In an office, there were 24 more females than males. 60% of the workers were females. How many workers are there in total?
There are f + f-24 workers.
f = 3/5 (2f-24)
No. You do some of the work, ok?
If you solve for f, then as I said, there are f + f-24 workers altogether.
still stuck? Then the next step is
5f = 3(2f-24)
Thanks, it worked out
To find the total number of workers in the office, we need to determine the number of males and females separately. Let's go step by step:
Step 1: Set up equations:
Let's assume the number of males in the office is "x."
According to the given information, the number of females would then be "x + 24" (as there are 24 more females than males).

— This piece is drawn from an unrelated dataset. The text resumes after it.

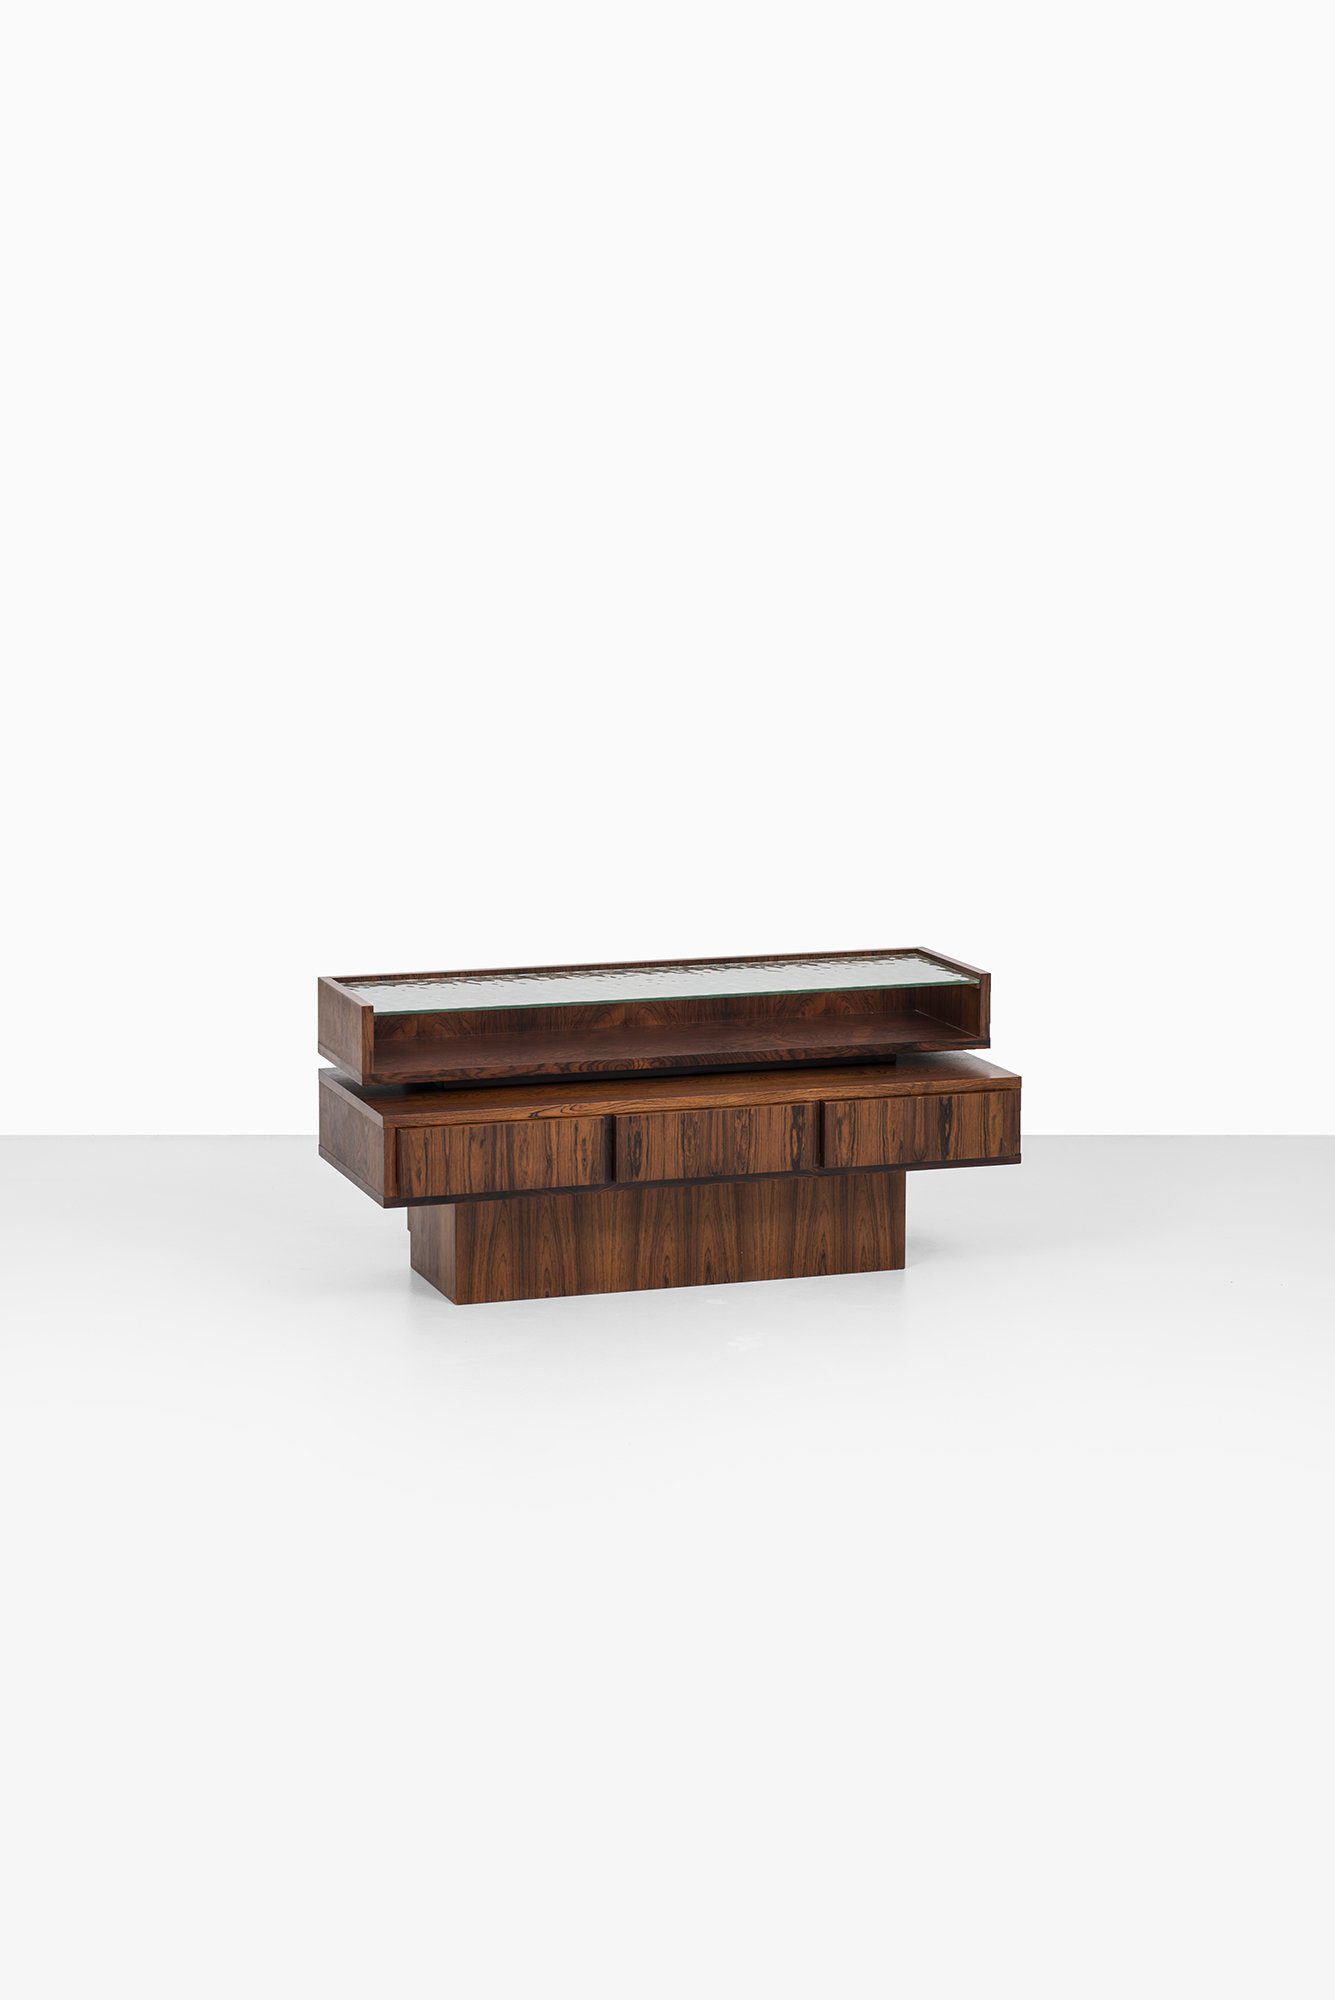 Rosewood drawer in the manner of Ib Kofod-Larsen at Studio Schalling

Step 2: Calculate the percentage:
We are told that 60% of the workers are females. So, the number of females is equal to 60% of the total number of workers:
0.60 * (x + (x + 24)) = x + 24
Step 3: Simplify the equation:
Multiply 0.60 with x and x+24 to distribute the 0.60:
0.60x + 0.60(x + 24) = x + 24
Step 4: Solve for x:
Expand 0.60(x + 24):
0.60 x + 0.60x + 14.40 = x + 24
Combine like terms:
1.20x + 14.40 = x + 24
Subtract x from both sides to gather like terms on one side of the equation:
1.20x - x + 14.40 = 24
Simplify:
0.20x + 14.40 = 24
Step 5: Isolate x (the number of males) by subtracting 14.40 from both sides of the equation:
0.20x + 14.40 - 14.40 = 24 - 14.40
0.20x = 9.60
Step 6: Solve for x by dividing both sides of the equation by 0.20:
(0.20x) / 0.20 = 9.60 / 0.20
x = 48
Therefore, there are 48 males in the office.
Step 7: Calculate the total number of workers:
If there were 48 males, then the number of females would be 48 + 24 = 72.
The total number of workers (males + females) would be 48 + 72 = 120.
Hence, there are a total of 120 workers in the office.